Collected data
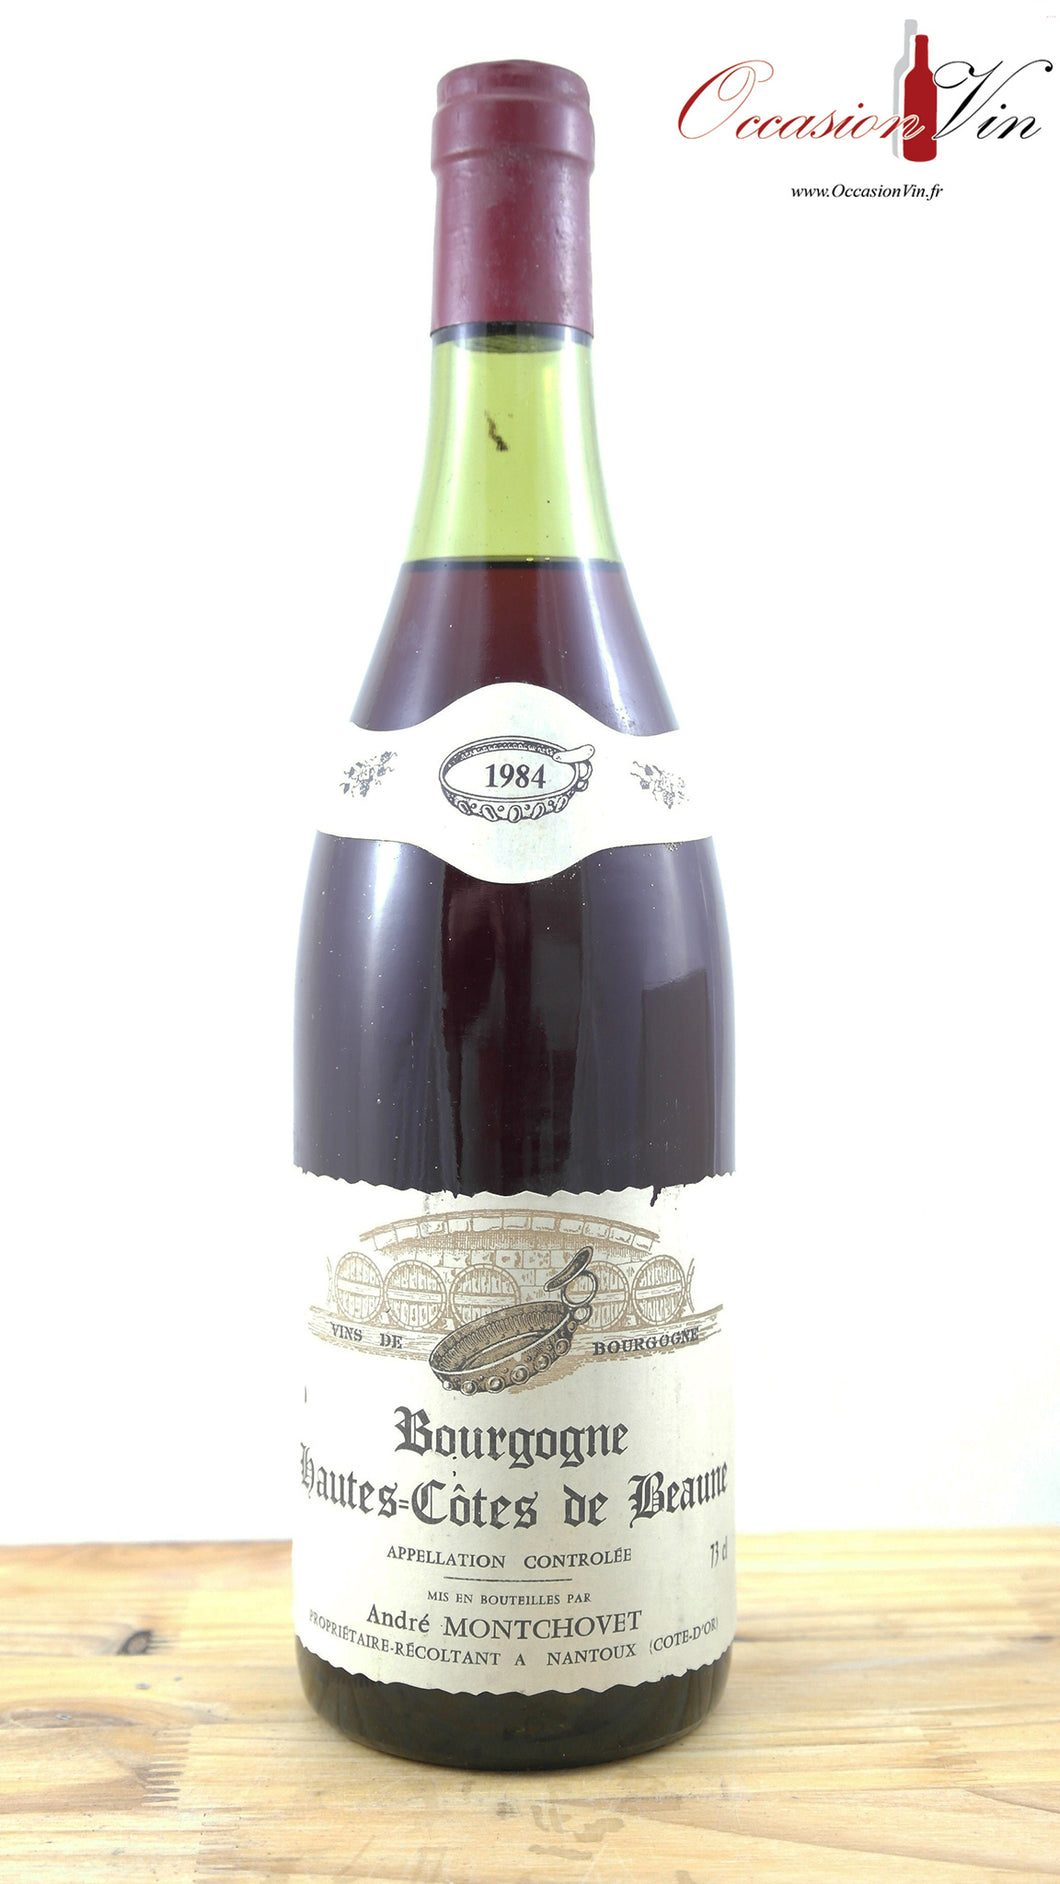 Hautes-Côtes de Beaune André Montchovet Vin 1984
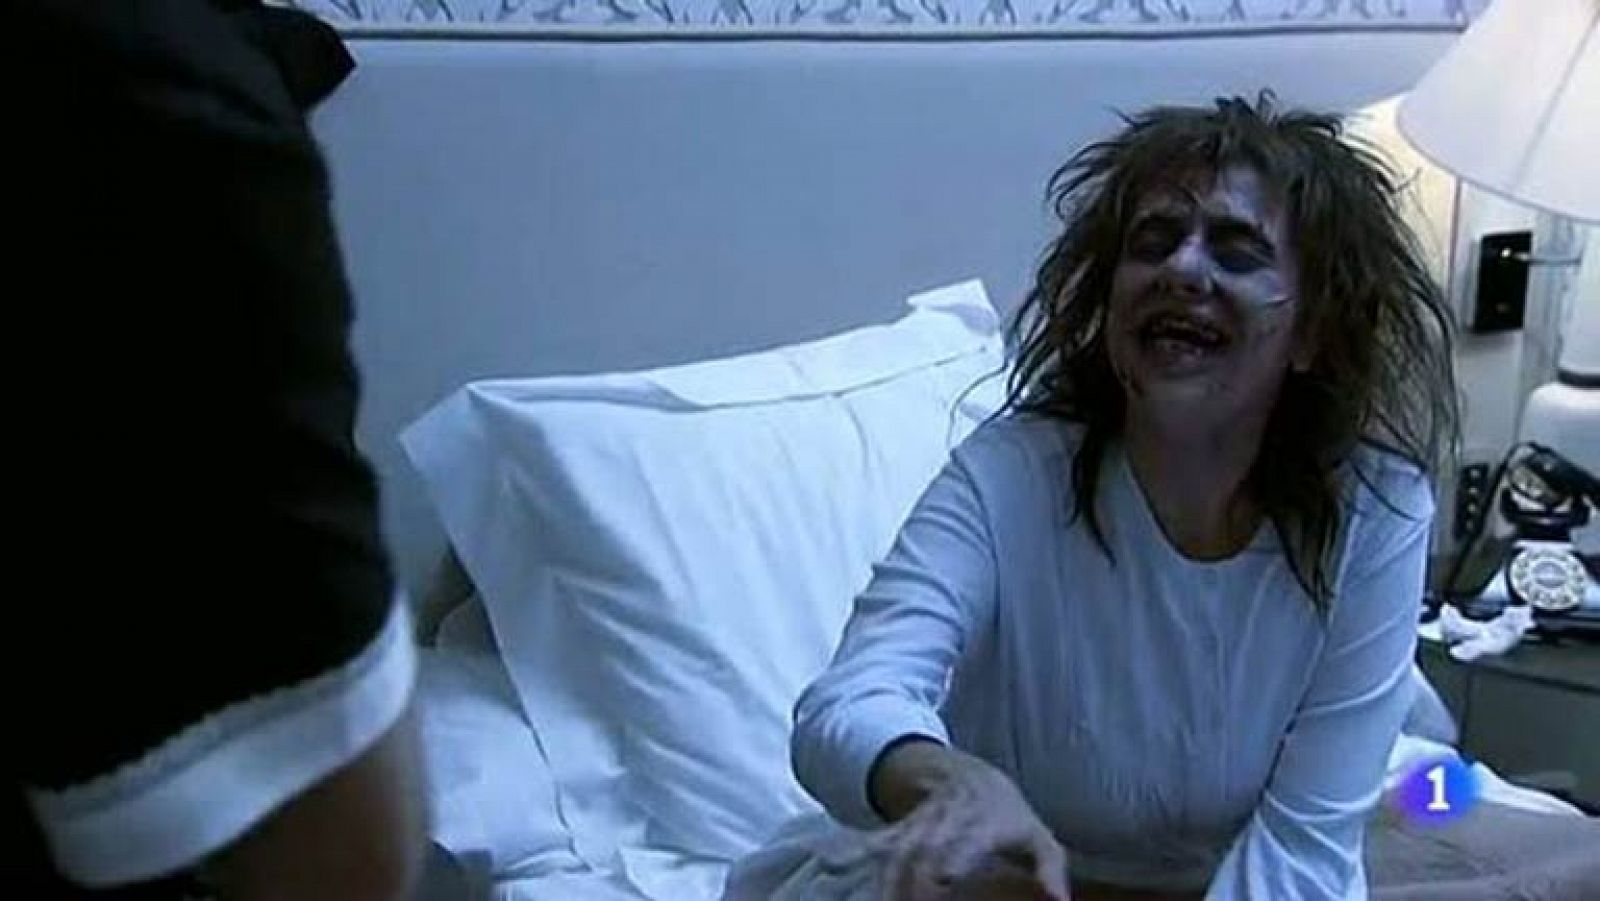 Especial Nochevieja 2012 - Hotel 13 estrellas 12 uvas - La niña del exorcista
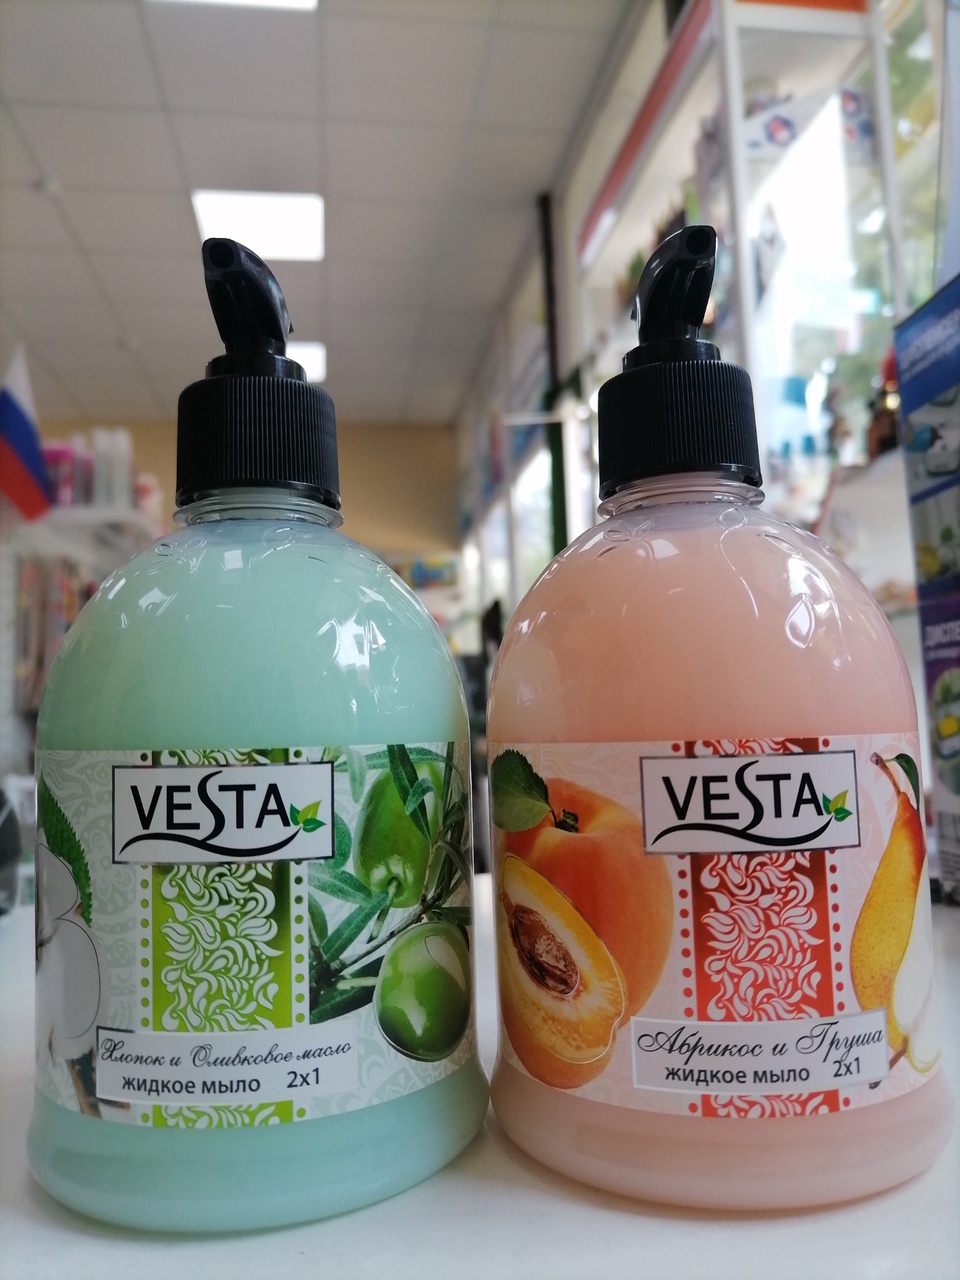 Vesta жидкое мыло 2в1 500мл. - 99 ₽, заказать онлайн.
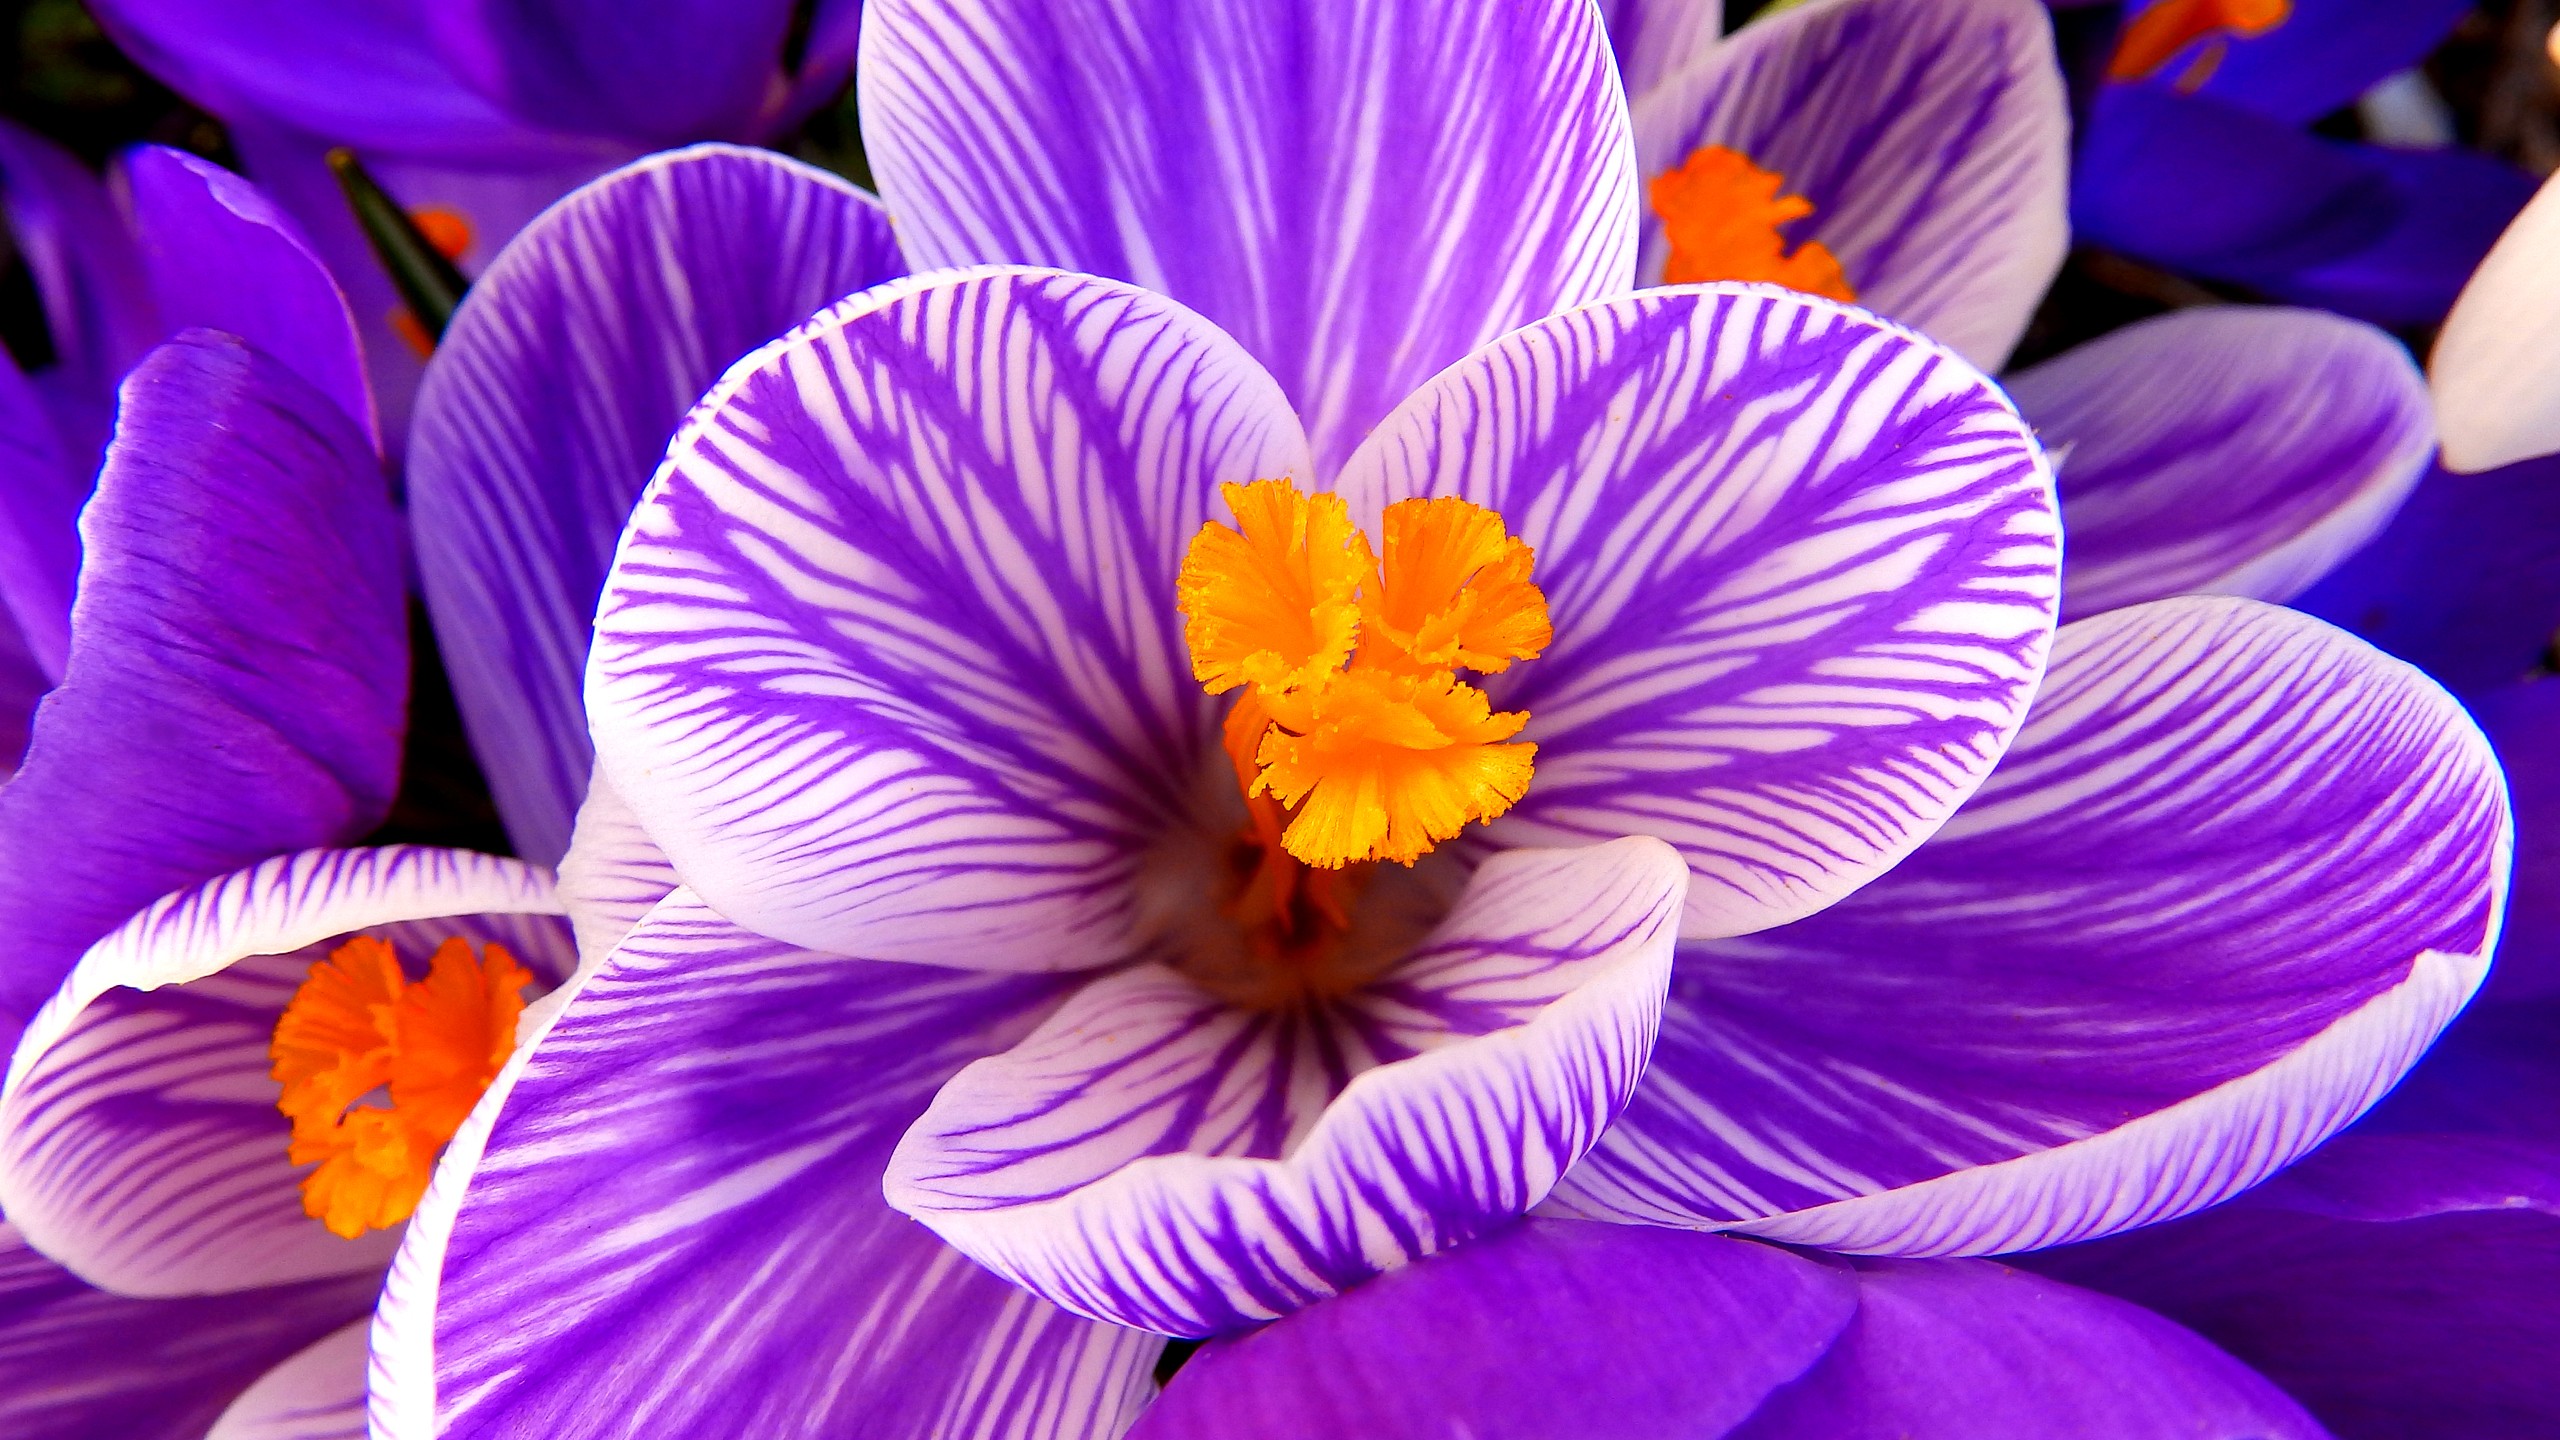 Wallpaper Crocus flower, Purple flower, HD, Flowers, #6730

To do
Your task is to restate word for word the lines from the line holding "Vesta жидкое мыло" through the final line of the listing, both included, but none of the pictures.

Exercise result
 Vesta жидкое мыло 2в1 500мл. - 99 ₽, заказать онлайн.
 Wallpaper Crocus flower, Purple flower, HD, Flowers, #6730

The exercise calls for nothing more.